Tutti conoscono la storia della famiglia Kennedy, pochi però rammentano il nome di Rosemery Kennedy, la scomoda sorella del ben più celebre John Fitzgerald Kennedy.

Durante l’infanzia, Rosemery visse separata dal resto della famiglia. La sua colpa? Era affetta da un ritardo cognitivo.

Per anni i Kennedy cercarono di nascondere i disturbi della figlia, negando la sua condizione agli occhi del mondo.

La sottoposero a vari, numerosi trattamenti alla ricerca della cura miracolosa che avesse il potere di “guarirla” o per lo meno di renderla più docile, più facilmente controllabile. 

Rosemery, infatti, era diventata una ragazza esuberante, fin troppo ingenua e anche bella in modo inopportuno.

Ciò destava preoccupazioni nella famiglia e soprattutto nel padre che si lamentava spesso del suo comportamento inappropriato e del suo ancora più inappropriato interesse per i ragazzi.

Risolutivo fu l’incontro con il dottor Watts, un medico che praticava una nuova, innovativa procedura: la lobotomia.

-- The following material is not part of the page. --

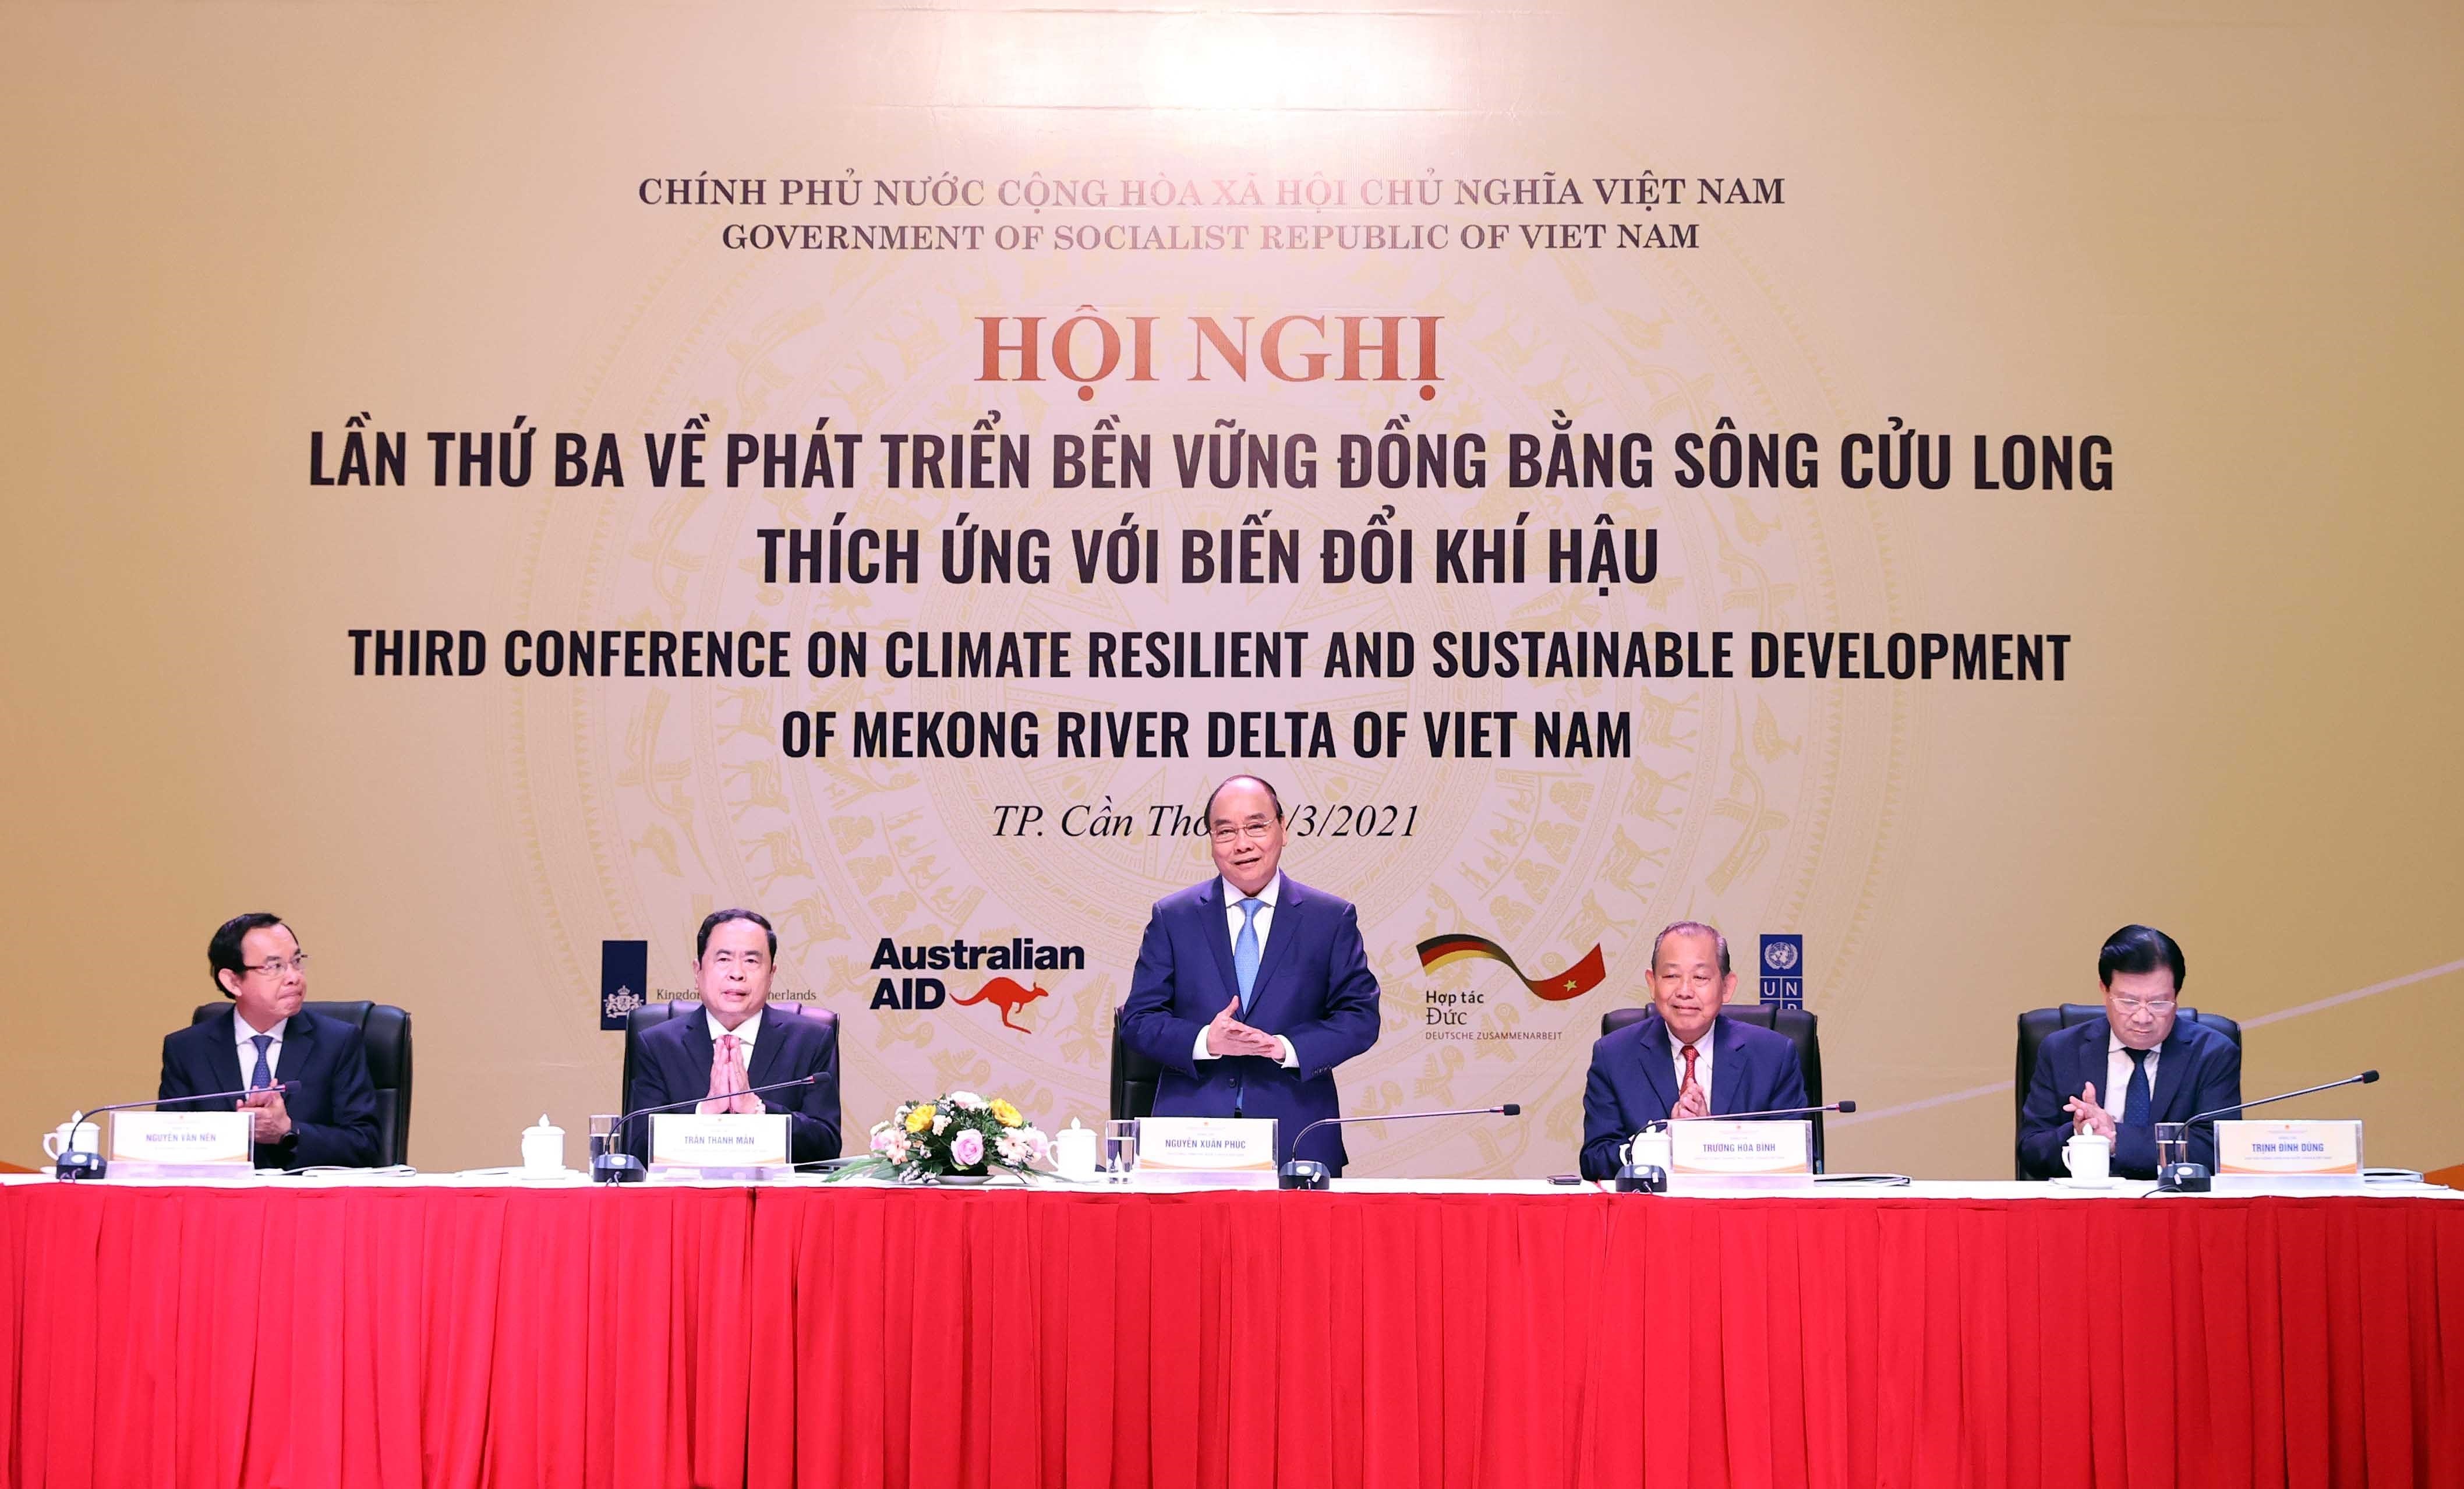 Third conference held to discuss sustainable development of Mekong Delta hinh anh 1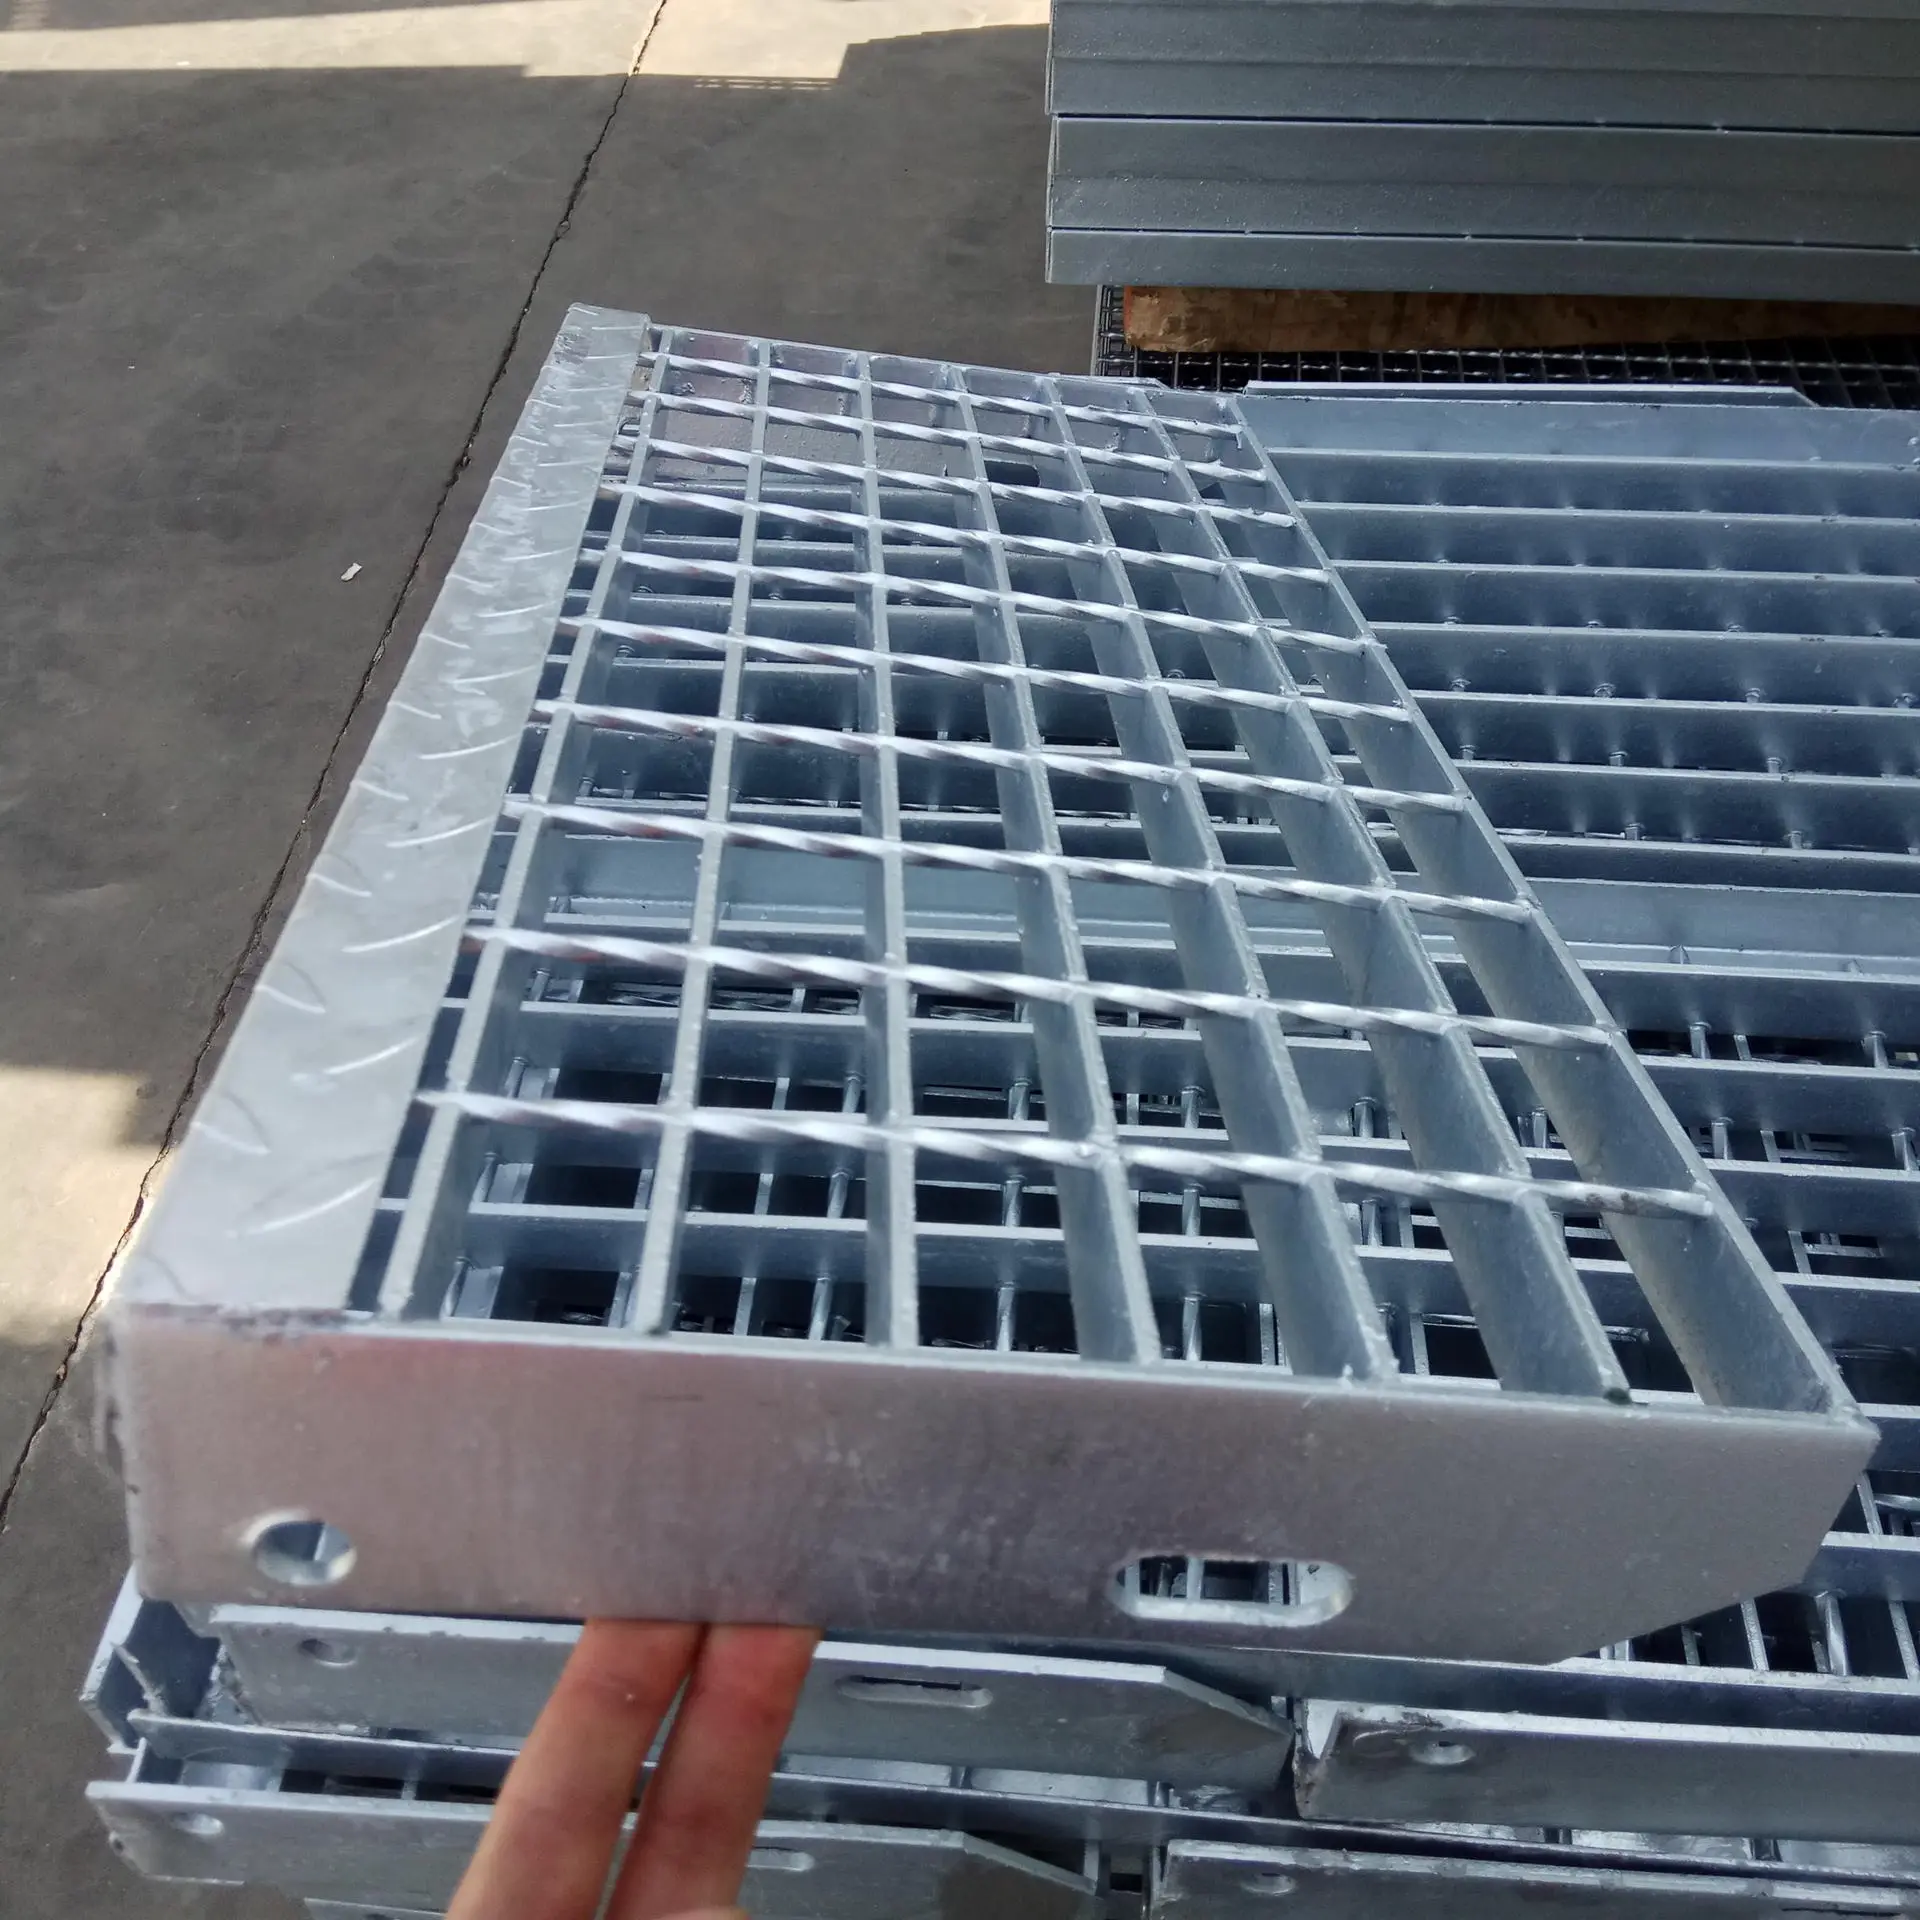 Low price 6m 25mm hot dipped galvanized steel grating

Lo psichiatra portoghese Antonio Egas Moniz ricevette il Premio Nobel per la Medicina per aver inventato questa “rivoluzionaria tecnica”.

E fino agli anni cinquanta la lobotomia era considerata un’utile pratica per tenere sotto controllo i pazienti affetti da patologie psichiche quali depressione e schizofrenia.

Tantissime le donne “isteriche e problematiche” che vennero condotte da mariti, padri, familiari, infastiditi dai loro sbalzi d’umore, a sottoporsi a questo trattamento.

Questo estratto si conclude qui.